* [Extracted entries]
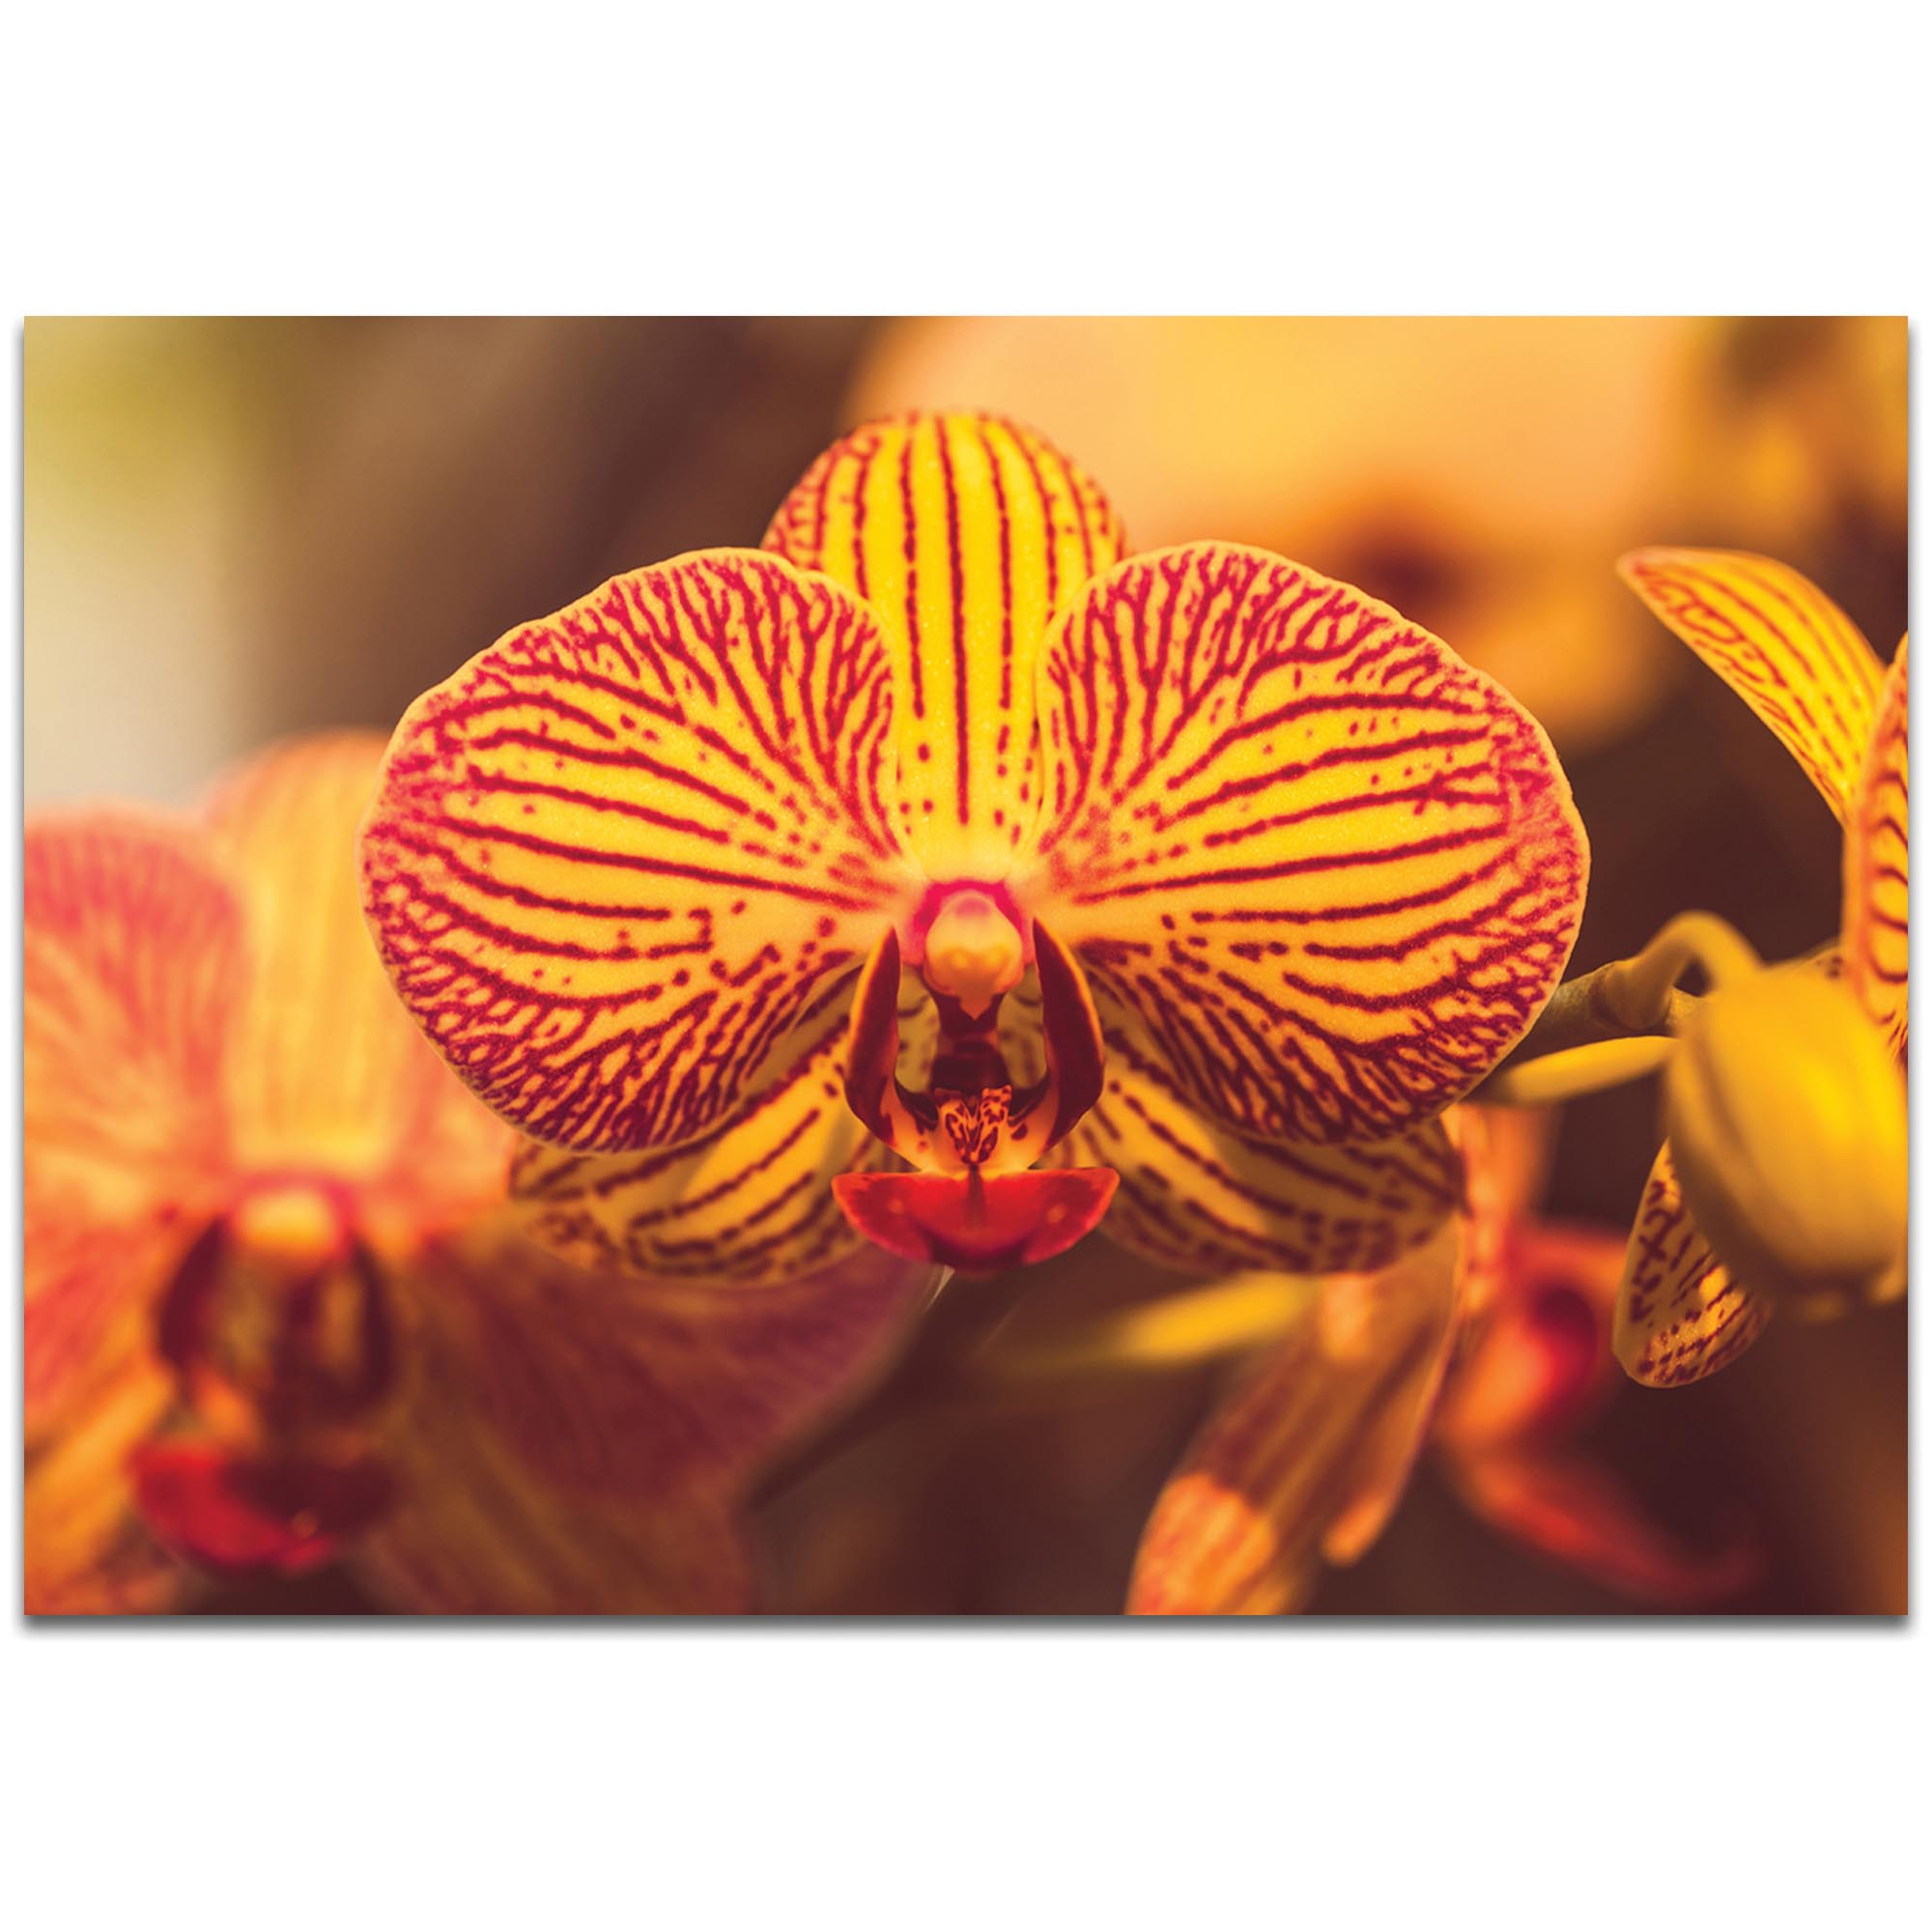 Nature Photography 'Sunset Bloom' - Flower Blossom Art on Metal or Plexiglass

...

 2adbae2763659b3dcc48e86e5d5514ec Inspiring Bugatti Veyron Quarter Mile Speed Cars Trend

* * *

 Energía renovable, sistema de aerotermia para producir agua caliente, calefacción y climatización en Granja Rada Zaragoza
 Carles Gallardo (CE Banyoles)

* [Problem details]
Among the records above, extract exactly the lines from the line with "Energía renovable, sistema" to the line with "Carles Gallardo (CE Banyoles)", both lines included, and leave out the rest.

* [Task result]
 Energía renovable, sistema de aerotermia para producir agua caliente, calefacción y climatización en Granja Rada Zaragoza
 Carles Gallardo (CE Banyoles)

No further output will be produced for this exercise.